Gold Crown, Woodstone Meadows @ Massanutten Resort, VA, in the Shenandoah mountains!

Unit 84N (upper level)  $650/week 
Sat, July 26-Aug. 2 

Beautiful view of the Golf course and water fountain.
2 Bedrooms (1 King size), 2 Twin-size beds; Queen sofabed in Living Room.
2 Bathrooms (one with whirlpool), L/R, D/R, W/D, BBQ Grill on private deck
Partial kitchen (no stove); otherwise fully equipped (hot plate,microwave, coffee maker, large fridge, etc.)

* * * * * * * * 

If you have a larger group, we may also offer 
Unit 84Y (lower level)  $700/week 

Same view, same dates.  Has a full kitchen, same amenities (2BR/ 2 Bathrooms, 6 ppl), NO BBQ Grill on private deck (there are BBQ grills in designated areas nearby the units).

We have previously rented our Timeshare through TUG to members, with no problems.  We will accept full payment in Check or PayPal (We are PayPal verified, please ADD $15 for PayPal processing fee).

Unit 84 in map:
http://www.massresort.com/unit-maps.html (Woodstone map, unit 84)
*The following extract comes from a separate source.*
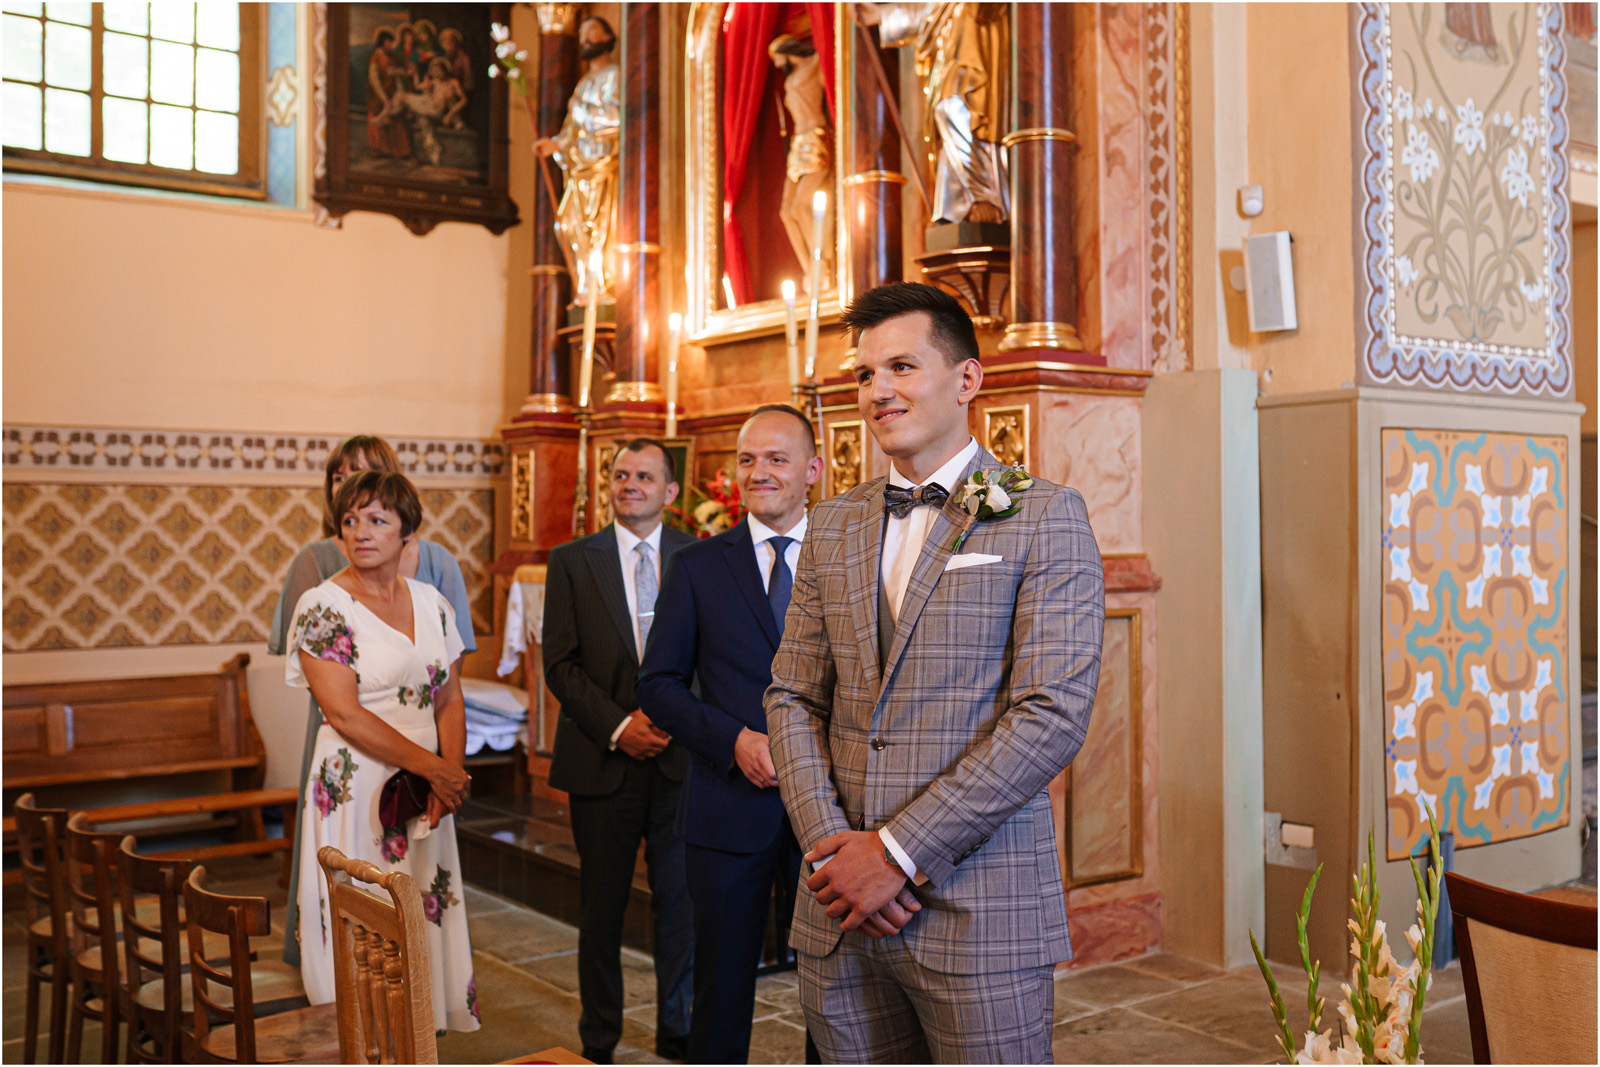 Ania & Mateusz | boho wesele w Stodole pod Kasztanami 37

http://www.massresort.com/v.php?pg=128 (Woodstone Meadows pictures)


Thank you for reading!


----------



## madex (Jul 8, 2014)

bump bump  Reduced!

Lower Level Unit, 84Y,  (with Full Kitchen) for $550  (plus paypal fee).   
Note: (sorry, not rented by days, but whole week).


----------



## madex (Jul 17, 2014)

Bump bump. Still available!


----------



## madex (Jul 20, 2014)

*Rented*

Unit has been rented.  Thanks.


----------